As with its ‘no first use’ nuclear doctrine, India needs to be clear about its position. It should state that it will not enter an armed conflict unless its territory is attacked or its core interests are directly threatened. Right now, that clarity is missing, and the silence could end up hurting India’s interests as the situation in the Middle East evolves.

If India does not communicate where it stands, partners may begin to question its reliability as a regional power. There is also a broader risk, that India is simply not taken seriously enough, despite its growing economic and military weight. That, in turn, leaves room for China to deepen its influence in the region, often through infrastructure financing and defence ties.

Strategic Leverage

Second, India must step forward as a diplomatic mediator. Offering New Delhi as neutral ground for negotiations is one step. Actively dispatching envoys to facilitate dialogue is another.

This extends to offering political asylum where necessary. India has precedent here, from hosting the Dalai Lama after China’s occupation of Tibet to more recent examples such as Sheikh Hasina amid political instability in Bangladesh.

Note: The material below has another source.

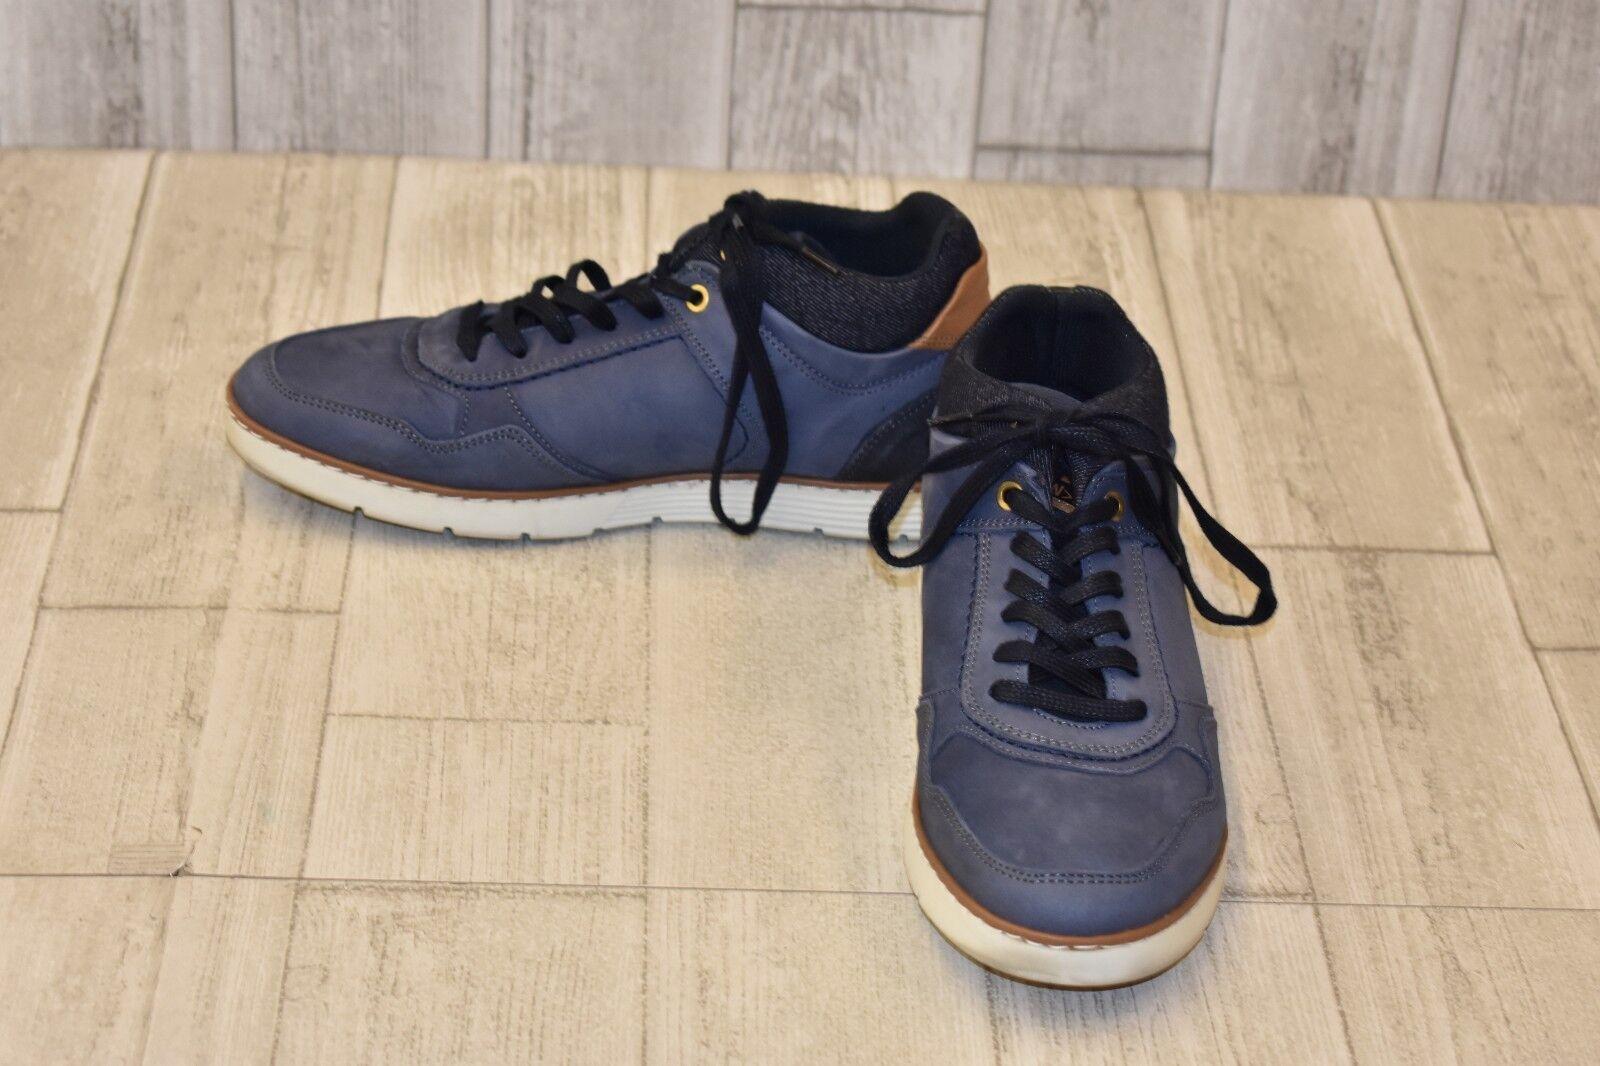 Steve Madden Baloo Low Top Sneaker - Men's Size 8, bluee

Soft power must complement diplomacy. India can position itself as a first responder in humanitarian crises, offering medical aid regardless of alignment. Its assistance to Turkey after the 2023 earthquake showed this is not theoretical. Doing something similar now would reinforce its image as a credible, neutral partner.

That, in turn, builds real diplomatic leverage.

In many ways, India is better placed than most. Iran is unlikely to accept mediation from US allies, and Israel would be wary of anything seen as overtly pro-Iranian. India, though, still has working ties with both, which gives it a narrow but real opening to act as a neutral platform.

That said, diplomacy on its own will not be enough. India will have to keep building out its military-industrial base and reduce dependence on external defence supply chains. Strategic autonomy, in the end, comes down to capability.

The Indian Ocean Region and its shipping lanes will be a key part of this. Military posture needs to be aligned with current realities, strong enough to deter, but calibrated enough to avoid escalation.

Most of these recommendations are already in line with India’s tried and tested non-alignment posturing. In the past, it lacked the resources to implement these principals as part of the global rhetoric. India now has the economic and military weight to back its position in a way it could not before.

The Iran conflict, then, is not just another test. It is a chance to show that India’s foreign policy is not just well-articulated, but workable in practice.

What India does next will shape how seriously it is taken as a regional power. Because right now, saying nothing is not caution. It is risk.